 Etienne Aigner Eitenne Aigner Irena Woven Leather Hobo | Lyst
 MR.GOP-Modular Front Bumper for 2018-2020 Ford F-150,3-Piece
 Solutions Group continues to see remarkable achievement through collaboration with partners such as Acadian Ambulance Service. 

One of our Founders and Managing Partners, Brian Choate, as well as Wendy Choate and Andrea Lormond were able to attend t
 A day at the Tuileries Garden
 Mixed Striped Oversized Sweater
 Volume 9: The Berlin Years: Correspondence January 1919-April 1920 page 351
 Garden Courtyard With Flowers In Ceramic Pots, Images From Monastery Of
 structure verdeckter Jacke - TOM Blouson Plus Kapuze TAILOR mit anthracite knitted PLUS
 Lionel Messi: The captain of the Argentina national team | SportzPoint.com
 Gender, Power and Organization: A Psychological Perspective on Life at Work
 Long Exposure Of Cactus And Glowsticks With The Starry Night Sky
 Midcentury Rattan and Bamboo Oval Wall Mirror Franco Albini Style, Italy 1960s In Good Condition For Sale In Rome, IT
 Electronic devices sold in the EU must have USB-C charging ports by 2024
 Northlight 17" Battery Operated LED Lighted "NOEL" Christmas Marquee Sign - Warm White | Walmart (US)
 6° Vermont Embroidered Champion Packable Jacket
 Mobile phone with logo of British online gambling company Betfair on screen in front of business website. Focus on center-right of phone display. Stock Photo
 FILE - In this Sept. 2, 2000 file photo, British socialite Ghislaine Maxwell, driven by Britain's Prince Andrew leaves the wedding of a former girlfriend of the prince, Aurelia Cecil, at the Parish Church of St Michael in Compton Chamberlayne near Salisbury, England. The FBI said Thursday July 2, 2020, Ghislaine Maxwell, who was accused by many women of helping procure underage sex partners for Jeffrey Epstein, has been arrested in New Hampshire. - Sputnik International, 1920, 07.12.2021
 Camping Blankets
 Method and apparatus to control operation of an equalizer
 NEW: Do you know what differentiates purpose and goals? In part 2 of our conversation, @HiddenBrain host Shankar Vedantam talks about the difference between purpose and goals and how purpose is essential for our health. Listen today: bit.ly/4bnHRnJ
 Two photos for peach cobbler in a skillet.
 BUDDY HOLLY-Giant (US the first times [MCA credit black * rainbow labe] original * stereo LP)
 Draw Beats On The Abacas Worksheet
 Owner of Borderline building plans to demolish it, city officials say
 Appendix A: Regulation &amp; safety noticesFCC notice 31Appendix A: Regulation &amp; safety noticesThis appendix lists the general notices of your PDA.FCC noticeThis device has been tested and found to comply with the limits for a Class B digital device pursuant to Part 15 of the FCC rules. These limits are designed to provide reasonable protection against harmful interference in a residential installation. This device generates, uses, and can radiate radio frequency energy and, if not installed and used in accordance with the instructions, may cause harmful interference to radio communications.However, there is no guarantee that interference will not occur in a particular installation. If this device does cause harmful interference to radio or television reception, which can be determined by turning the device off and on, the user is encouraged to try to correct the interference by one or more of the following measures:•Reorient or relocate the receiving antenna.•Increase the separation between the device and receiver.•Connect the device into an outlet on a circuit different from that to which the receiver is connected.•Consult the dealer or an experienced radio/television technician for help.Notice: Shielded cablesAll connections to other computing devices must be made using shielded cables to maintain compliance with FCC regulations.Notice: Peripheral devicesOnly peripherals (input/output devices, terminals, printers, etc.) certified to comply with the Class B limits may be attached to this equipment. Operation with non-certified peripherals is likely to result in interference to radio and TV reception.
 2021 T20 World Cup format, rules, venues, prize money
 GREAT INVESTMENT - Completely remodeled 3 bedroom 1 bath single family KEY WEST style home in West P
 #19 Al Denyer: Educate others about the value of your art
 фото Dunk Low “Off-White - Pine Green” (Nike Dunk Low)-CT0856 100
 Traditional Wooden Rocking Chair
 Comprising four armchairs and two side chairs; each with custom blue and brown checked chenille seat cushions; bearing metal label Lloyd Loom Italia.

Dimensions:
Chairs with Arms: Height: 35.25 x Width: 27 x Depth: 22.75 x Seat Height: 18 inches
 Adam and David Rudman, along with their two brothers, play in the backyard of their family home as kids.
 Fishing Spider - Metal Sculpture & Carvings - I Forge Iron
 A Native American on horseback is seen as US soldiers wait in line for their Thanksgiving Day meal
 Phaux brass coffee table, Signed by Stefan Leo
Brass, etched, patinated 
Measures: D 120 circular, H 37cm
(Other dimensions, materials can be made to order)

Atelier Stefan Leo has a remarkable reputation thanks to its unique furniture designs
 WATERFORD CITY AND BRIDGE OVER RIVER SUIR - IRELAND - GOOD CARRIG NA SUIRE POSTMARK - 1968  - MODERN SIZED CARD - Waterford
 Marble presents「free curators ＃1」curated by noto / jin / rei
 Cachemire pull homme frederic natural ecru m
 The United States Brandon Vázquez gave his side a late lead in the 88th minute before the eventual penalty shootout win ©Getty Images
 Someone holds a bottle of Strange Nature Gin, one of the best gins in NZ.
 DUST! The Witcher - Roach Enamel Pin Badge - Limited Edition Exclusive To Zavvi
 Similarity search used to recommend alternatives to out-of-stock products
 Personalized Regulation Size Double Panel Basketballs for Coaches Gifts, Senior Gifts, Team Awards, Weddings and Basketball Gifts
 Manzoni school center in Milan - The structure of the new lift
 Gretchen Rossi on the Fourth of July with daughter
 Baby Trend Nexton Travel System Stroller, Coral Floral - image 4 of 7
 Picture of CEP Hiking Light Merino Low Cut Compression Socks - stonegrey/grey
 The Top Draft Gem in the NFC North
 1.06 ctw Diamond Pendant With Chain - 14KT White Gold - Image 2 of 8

- **Task to complete**
From the material above, set down exactly the lines starting at the one with "One of our Founders" and ending at the one with "6° Vermont Embroidered", end lines included.

- **Answer to this problem**
One of our Founders and Managing Partners, Brian Choate, as well as Wendy Choate and Andrea Lormond were able to attend t
 A day at the Tuileries Garden
 Mixed Striped Oversized Sweater
 Volume 9: The Berlin Years: Correspondence January 1919-April 1920 page 351
 Garden Courtyard With Flowers In Ceramic Pots, Images From Monastery Of
 structure verdeckter Jacke - TOM Blouson Plus Kapuze TAILOR mit anthracite knitted PLUS
 Lionel Messi: The captain of the Argentina national team | SportzPoint.com
 Gender, Power and Organization: A Psychological Perspective on Life at Work
 Long Exposure Of Cactus And Glowsticks With The Starry Night Sky
 Midcentury Rattan and Bamboo Oval Wall Mirror Franco Albini Style, Italy 1960s In Good Condition For Sale In Rome, IT
 Electronic devices sold in the EU must have USB-C charging ports by 2024
 Northlight 17" Battery Operated LED Lighted "NOEL" Christmas Marquee Sign - Warm White | Walmart (US)
 6° Vermont Embroidered Champion Packable Jacket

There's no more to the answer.